Ways and Means considered several hot bills this session, including a plan to reform legislative scholarships, a bill to abolish the keno lottery game and a proposed tax on gas-guzzling cars.

No committee vote during the 90-day session has been so close that its outcome could have been changed by Mr. Douglass' ballot, said Del. James W. Campbell, one of the Baltimore lawmakers on the panel.

But Mr. Douglass' boycott is costing Baltimore more than a vote, said Del. Clarence Davis, a fellow Democrat from East Baltimore also on the committee.

"It's not so much his vote as his presence and expertise. John has what I consider to be the best fiscal mind in state government. His expertise could have influenced a decision or two because John's knowledge is of greater value than his vote," Mr.

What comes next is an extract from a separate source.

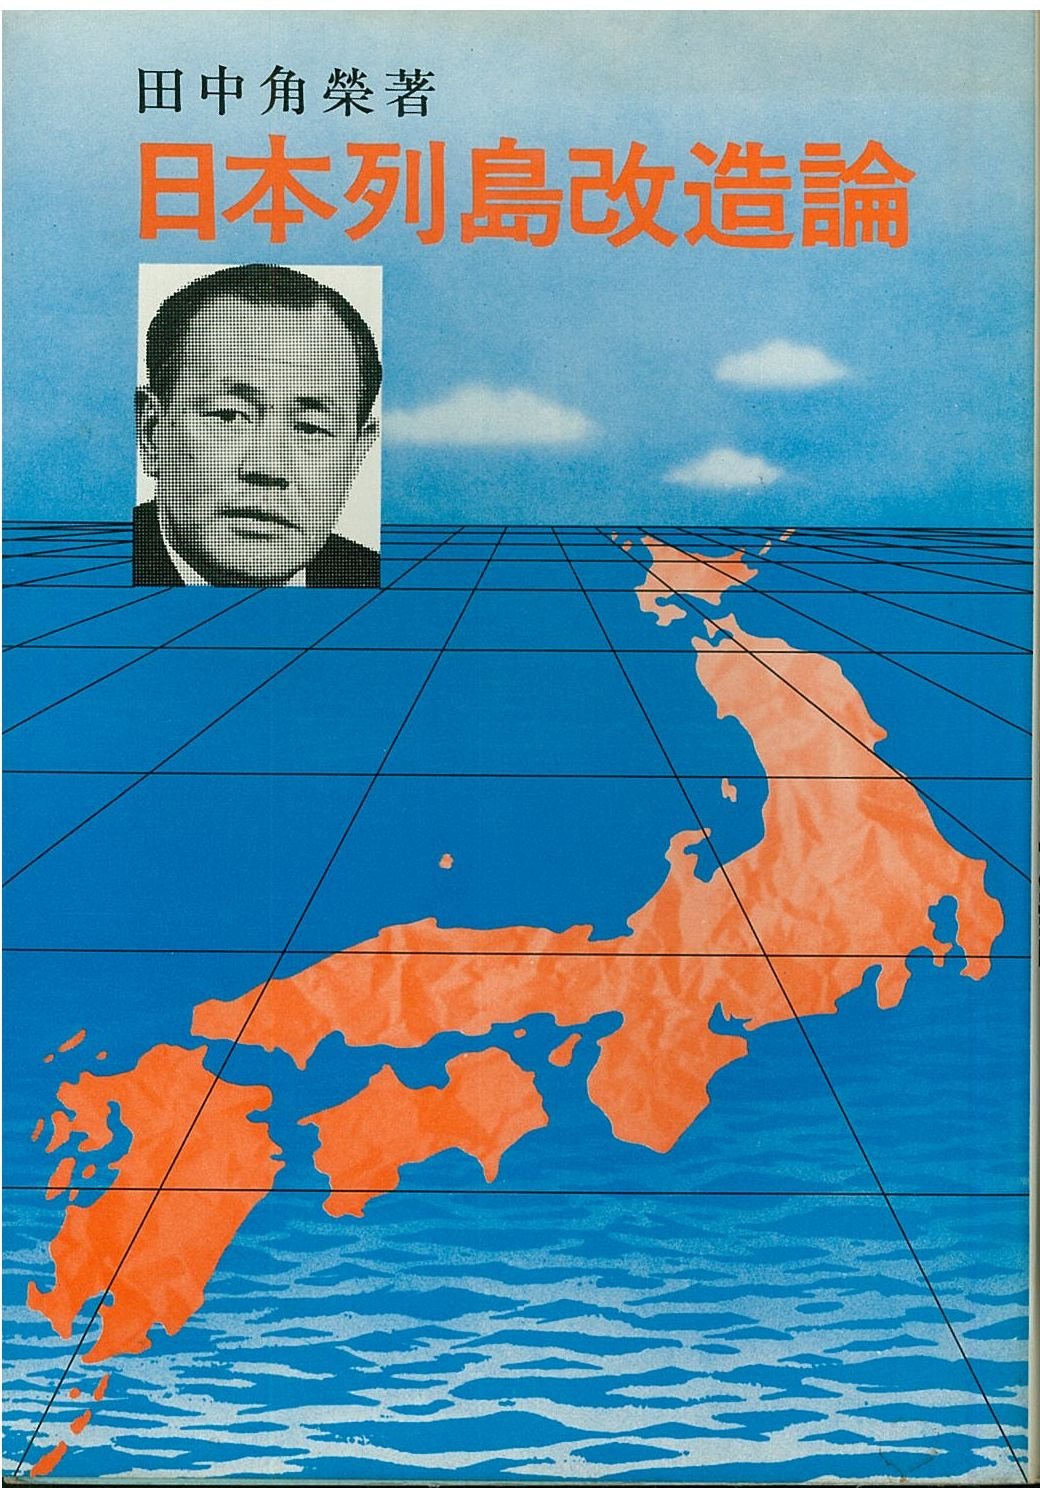 『日本列島改造論』

Davis said.

Mr. Douglass, 51, a real estate investor and computer consultant, said he has heard those arguments, but they're not enough to change his mind.

He stunned the 140 other delegates on the session's opening day when he refused his committee assignment. "Members of this House are not chattel," he declared in a Jan. 13 speech on the House floor.

Legislative insiders cannot recall a similar occurrence in the past 25 years, at least.

Mr. Douglass said the transfer was his payback for bucking the speaker and Baltimore lawmakers during the special session in November, when he voted against a plan to shift the burden of paying teachers' Social Security taxes from the state to local governments.

In Mr. Davis' view, the transfer is related to Mr. Douglass' support of a Montgomery County lawmaker who tried to unseat Mr. Mitchell as speaker last year.

Back home, Mr. Davis added, many residents support the protest. "John is a hero to the average citizen I encounter at places like the American Legion, the Elks and some other community associations."

Nevertheless, Mr. Douglass says he may not seek re-election.

"I'm not sure I'm going to run again," he said last week.

"I've been here a long time, and Baltimore City is not doing very well. It's going backward. It's on the verge of being overrun by crime. Conditions are a lot worse in Baltimore now than when I started nearly a quarter-century ago. I live on ground zero -- North Avenue near Harford Road.

"You got to face that fact that if you can't improve things, you ought to step aside," he said.

Mr. Douglass also said he might move to Montgomery County to live with his new wife, a teacher. The two have a commuter marriage, seeing each other mostly on weekends.